*Dataset excerpt*.
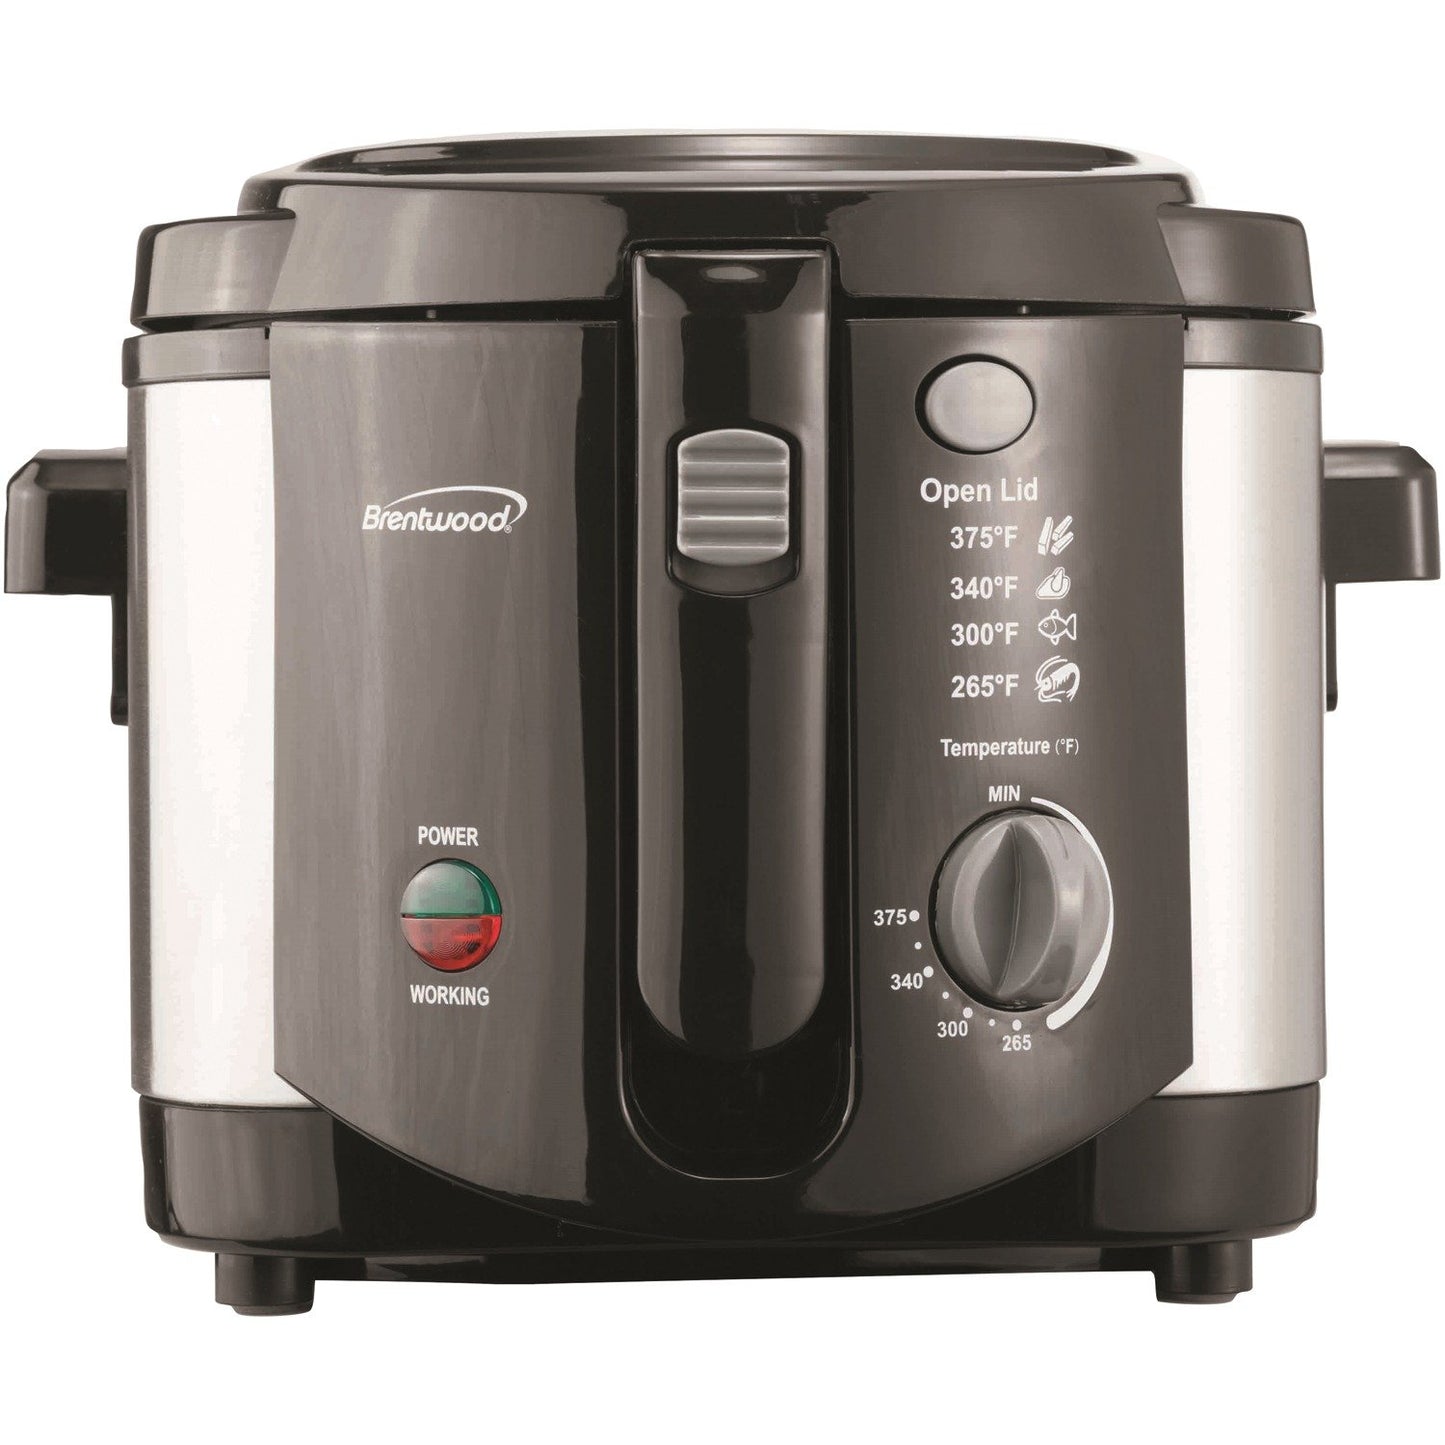 Brentwood Appliances DF720 8-Cup Electric Deep Fryer
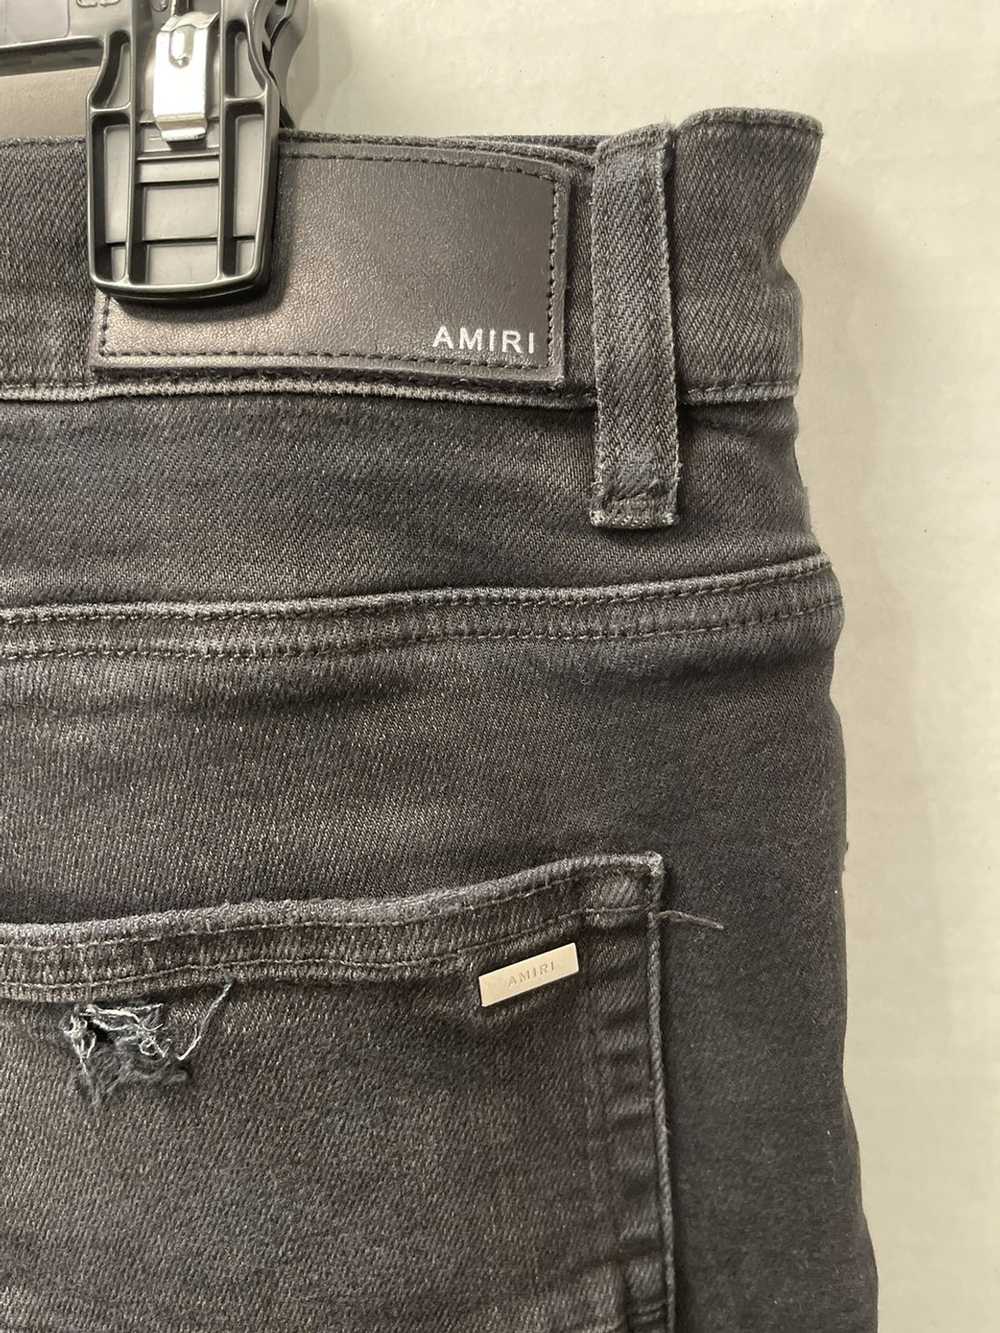 Amiri Mike Amiri Distressed Denim Jeans Size 34 - image 6
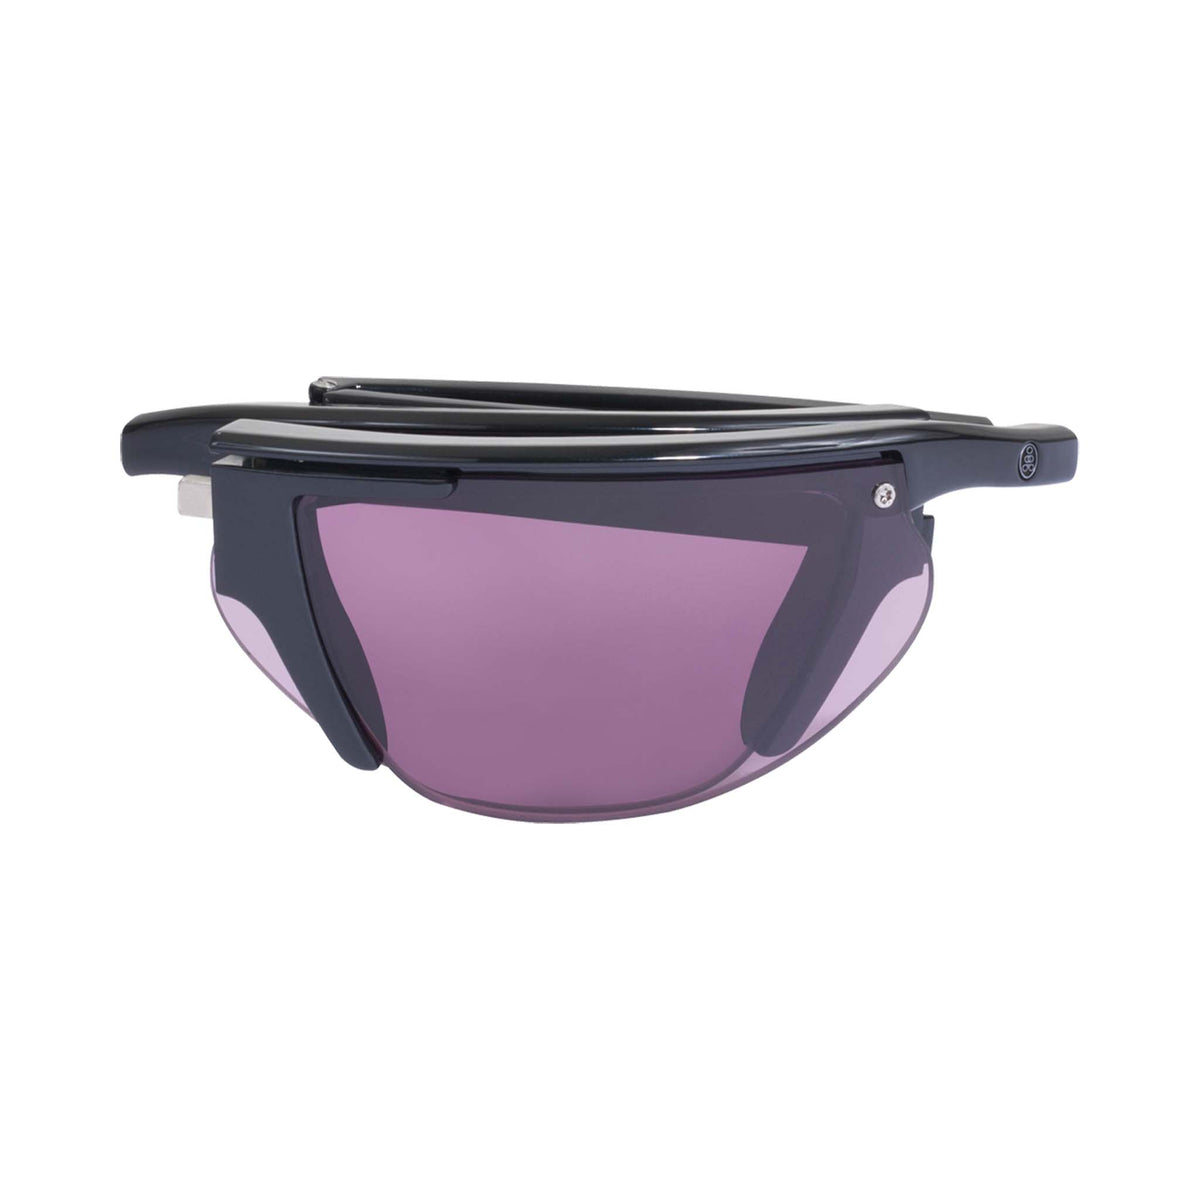 Popticals, Premium Compact Sunglasses, PopTrail, 200081-BGVS, Standard Golf Sunglasses, Gloss Black Frame, Violet Golf Lenses, Compact View
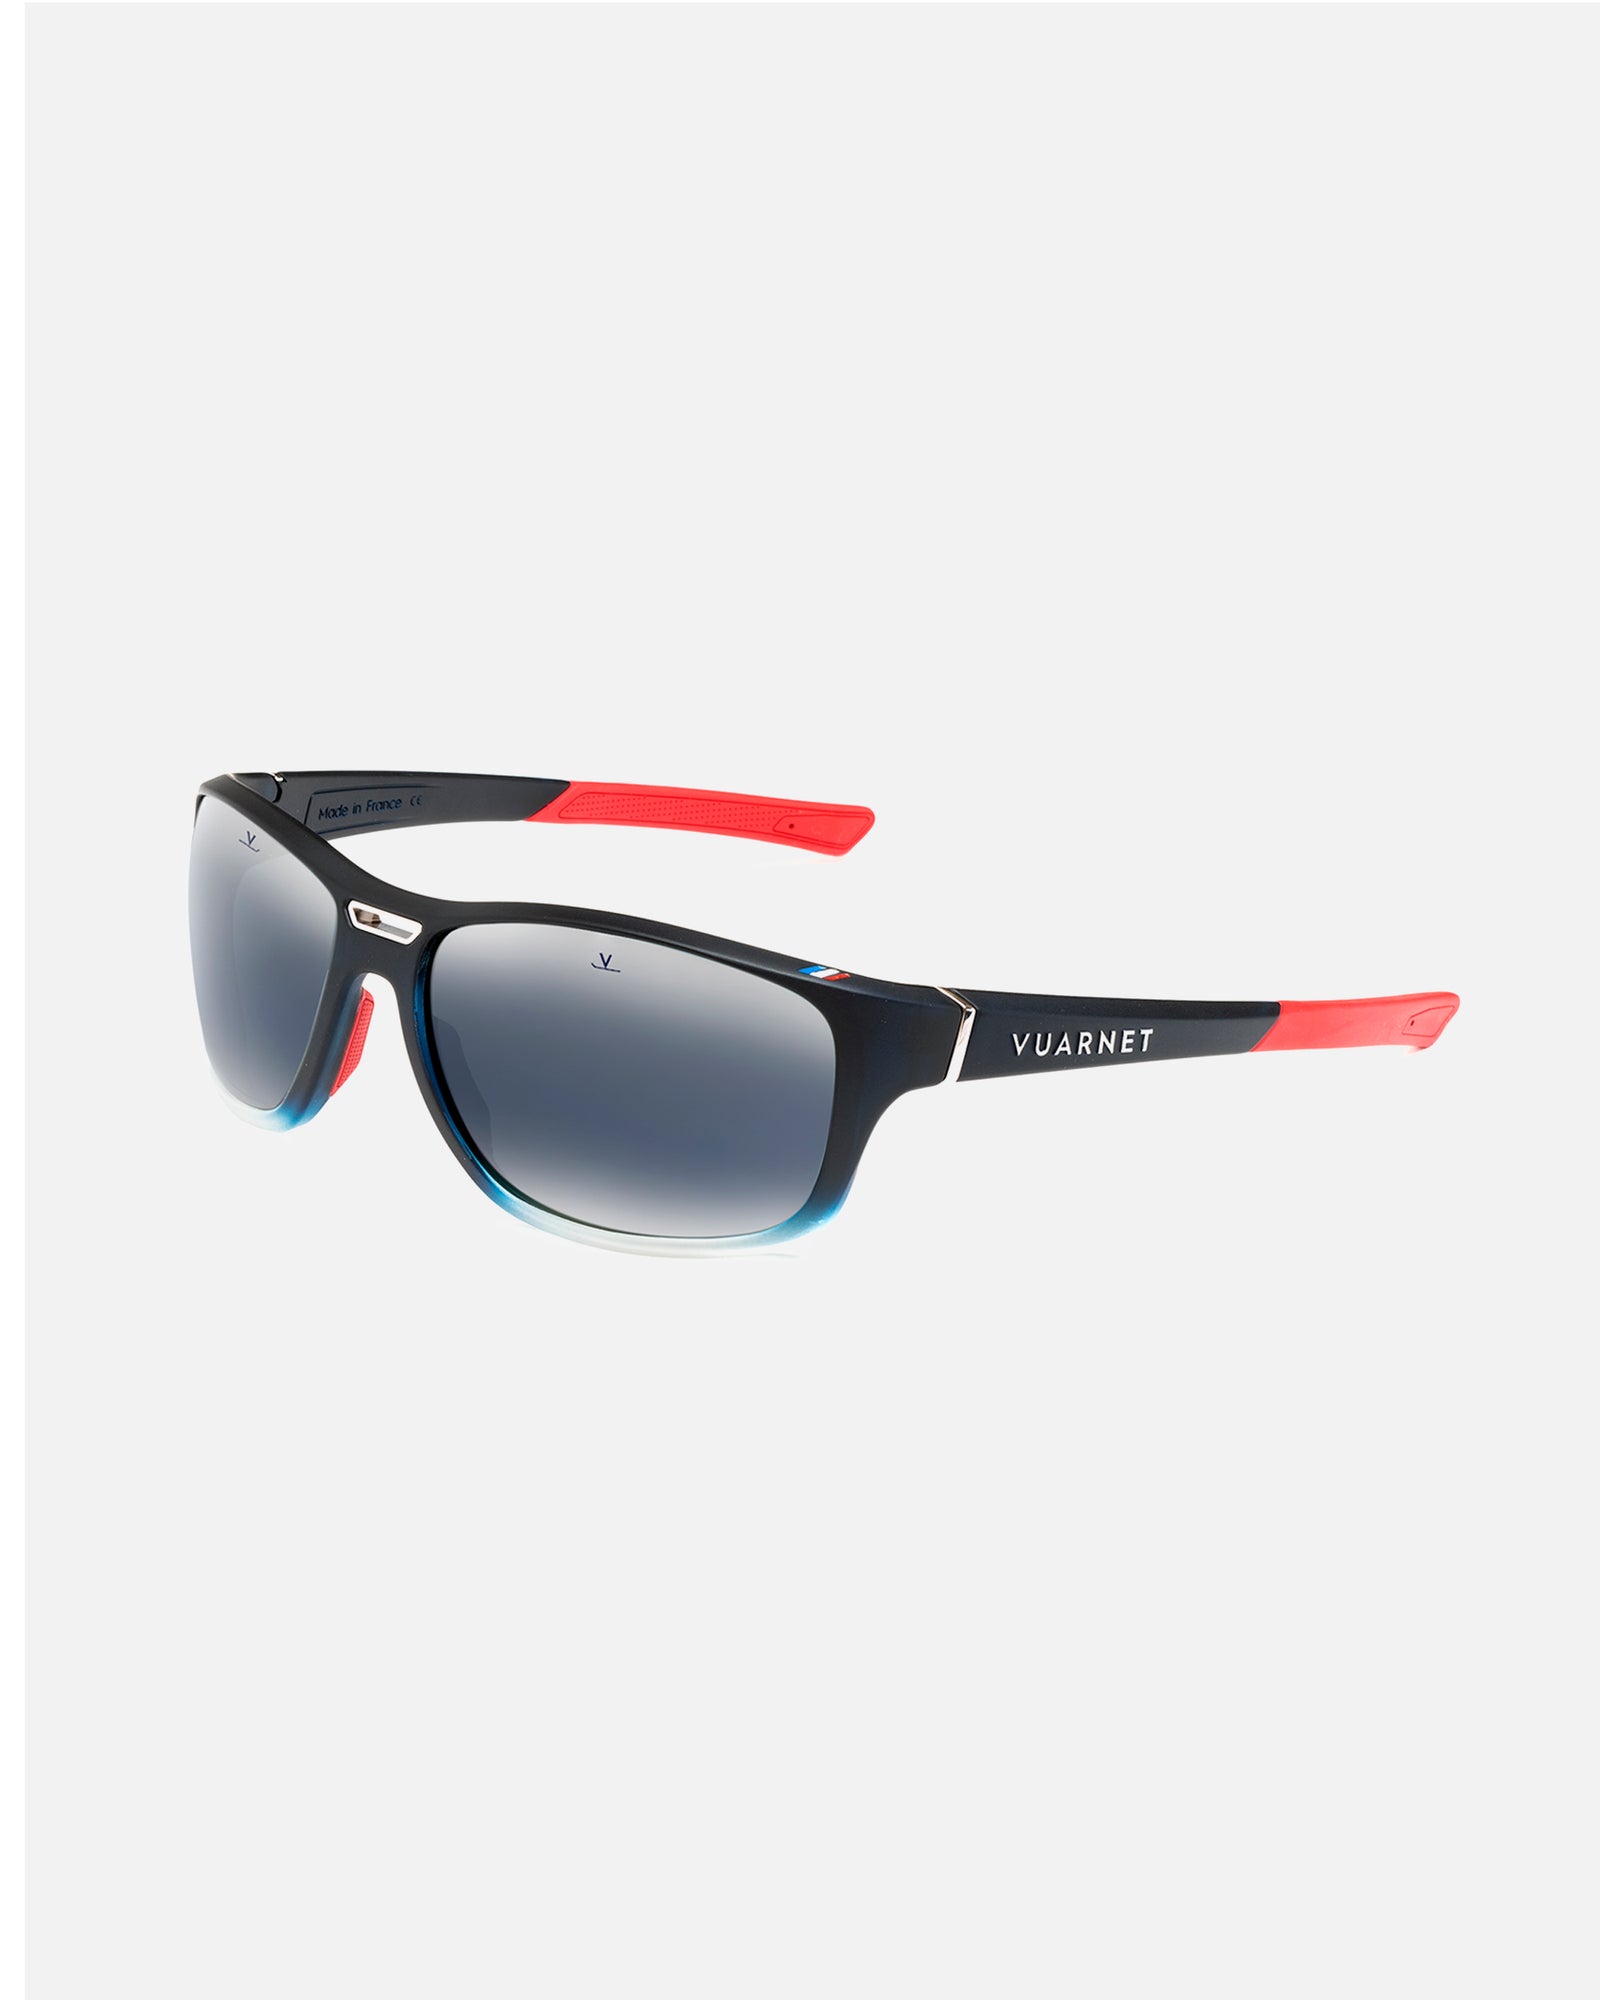 High-elevation sunglasses sports running

*What you will do*. Only one thing is wanted here, an exact copy of the lines from the first line above through the line containing "Popticals, Premium Compact", minus any picture.

*Solution below*.
 Brentwood Appliances DF720 8-Cup Electric Deep Fryer
 Amiri Mike Amiri Distressed Denim Jeans Size 34 - image 6
 Popticals, Premium Compact Sunglasses, PopTrail, 200081-BGVS, Standard Golf Sunglasses, Gloss Black Frame, Violet Golf Lenses, Compact View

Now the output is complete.